Connecting to a remote host:

val address = new InetSocketAddress("remotehost", 80)
val socket = IOManager(actorSystem).connect(address)

val socket = IOManager(actorSystem).connect("remotehost", 80)

Creating a server:

val address = new InetSocketAddress("localhost", 80)
val serverSocket = IOManager(actorSystem).listen(address)

val serverSocket = IOManager(actorSystem).listen("localhost", 80)

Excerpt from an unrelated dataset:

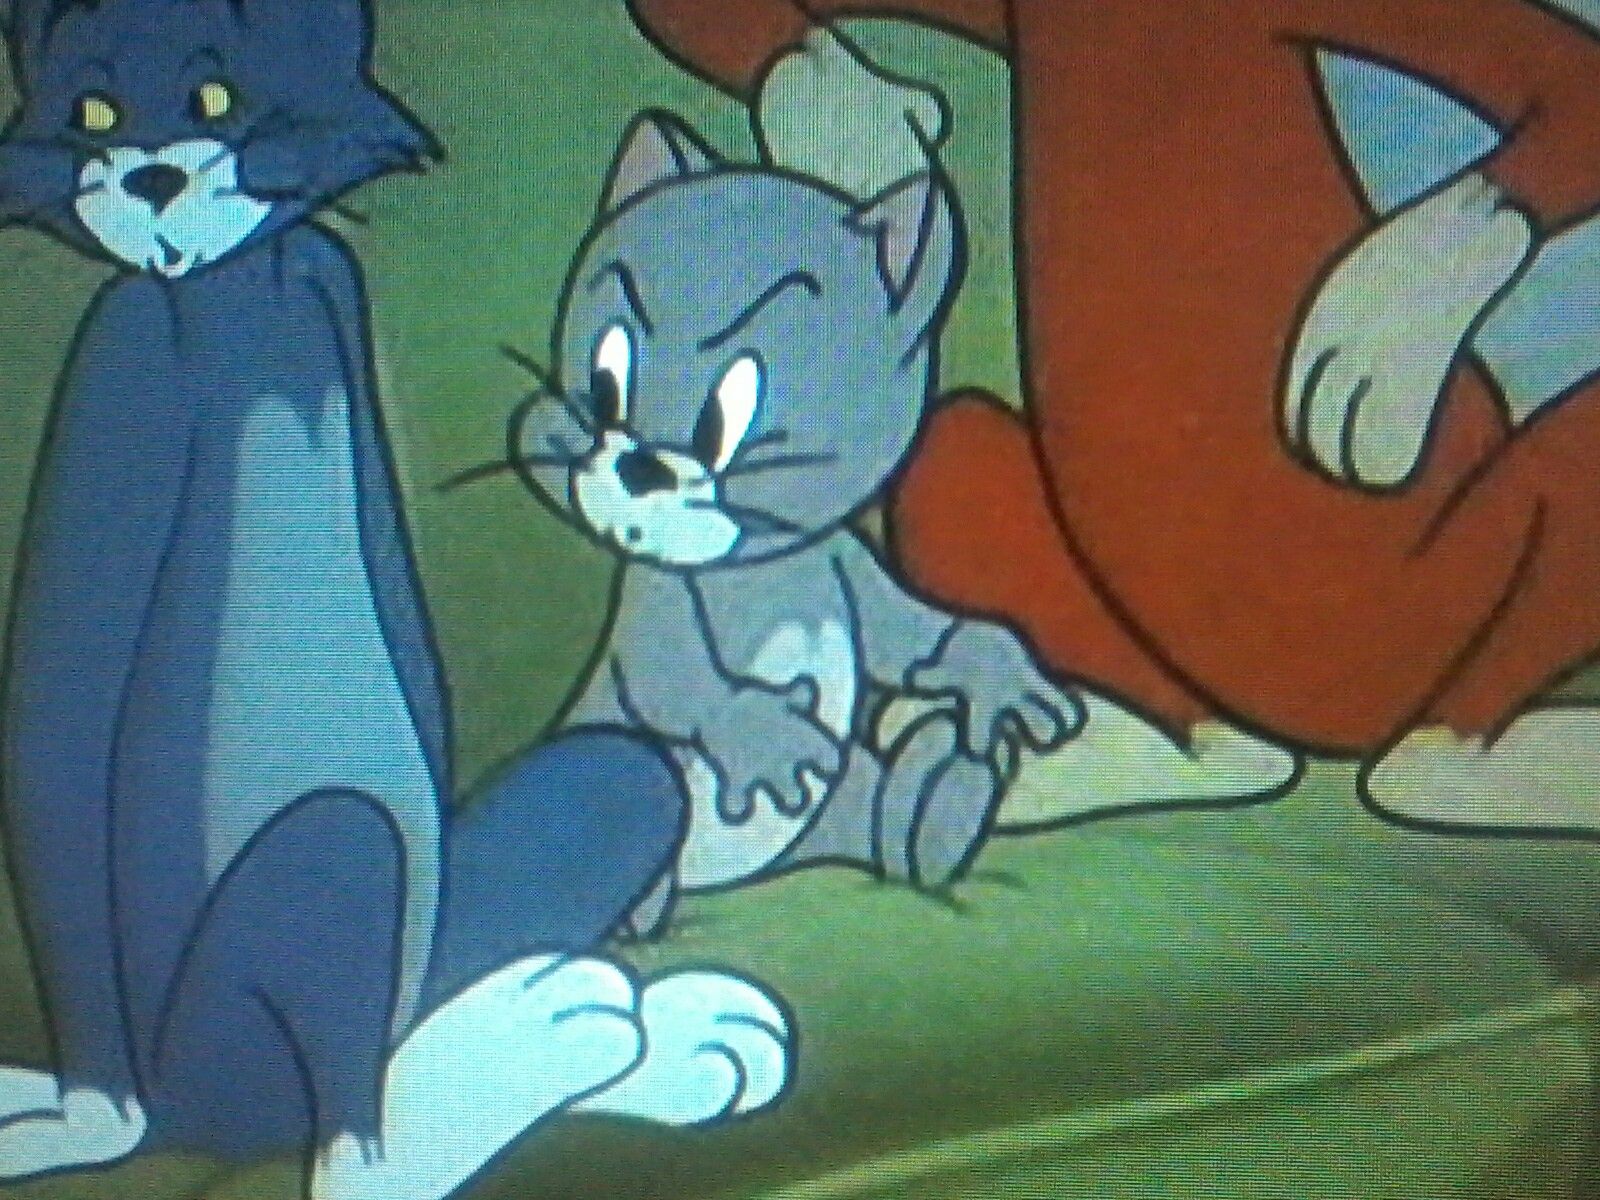 Tom And Jerry The Topsy Cat Angry. Cartoon profile pics, Tom and jerry, Cute wallpaper

Receiving messages from the IOManager:

def receive = {
 
  case IO.Listening(server, address) =>
    println("The server is listening on socket " + address)
 
  case IO.Connected(socket, address) =>
    println("Successfully connected to " + address)
 
  case IO.NewClient(server) =>
    println("New incoming connection on server")
    val socket = server.accept()
    /*
     * another alternative would be to delegate the new connection to another actor
     * by calling `server.accept()(otherActor)`.
     */
    println("Writing to new client socket")
    socket.write(bytes)
    println("Closing socket")
    socket.close()
 
  case IO.Read(socket, bytes) =>
    println("Received incoming data from socket")
 
  case IO.Closed(socket: IO.SocketHandle, cause) =>
    println("Socket has closed, cause: " + cause)
 
  case IO.Closed(server: IO.ServerHandle, cause) =>
    println("Server socket has closed, cause: " + cause)
 
}

These message are sent to that actor which requested the connection to be made or the listening socket to be opened, meaning that this actor is responsible for handling the events pertaining to the life-cycle of the socket.

IO.Iteratee

Included with Akka's IO support is a basic implementation of Iteratees. Iteratees are an effective way of handling a stream of data without needing to wait for all the data to arrive. This is especially useful when dealing with non blocking IO since we will usually receive data in chunks which may not include enough information to process, or it may contain much more data than we currently need.

This Iteratee implementation is much more basic than what is usually found. There is only support for ByteString input, and enumerators aren't used. The reason for this limited implementation is to reduce the amount of explicit type signatures needed and to keep things simple. It is important to note that Akka's Iteratees are completely optional, incoming data can be handled in any way, including other Iteratee libraries.

Iteratees work by processing the data that it is given and returning either the result (with any unused input) or a continuation if more input is needed. They are monadic, so methods like flatMap can be used to pass the result of an Iteratee to another.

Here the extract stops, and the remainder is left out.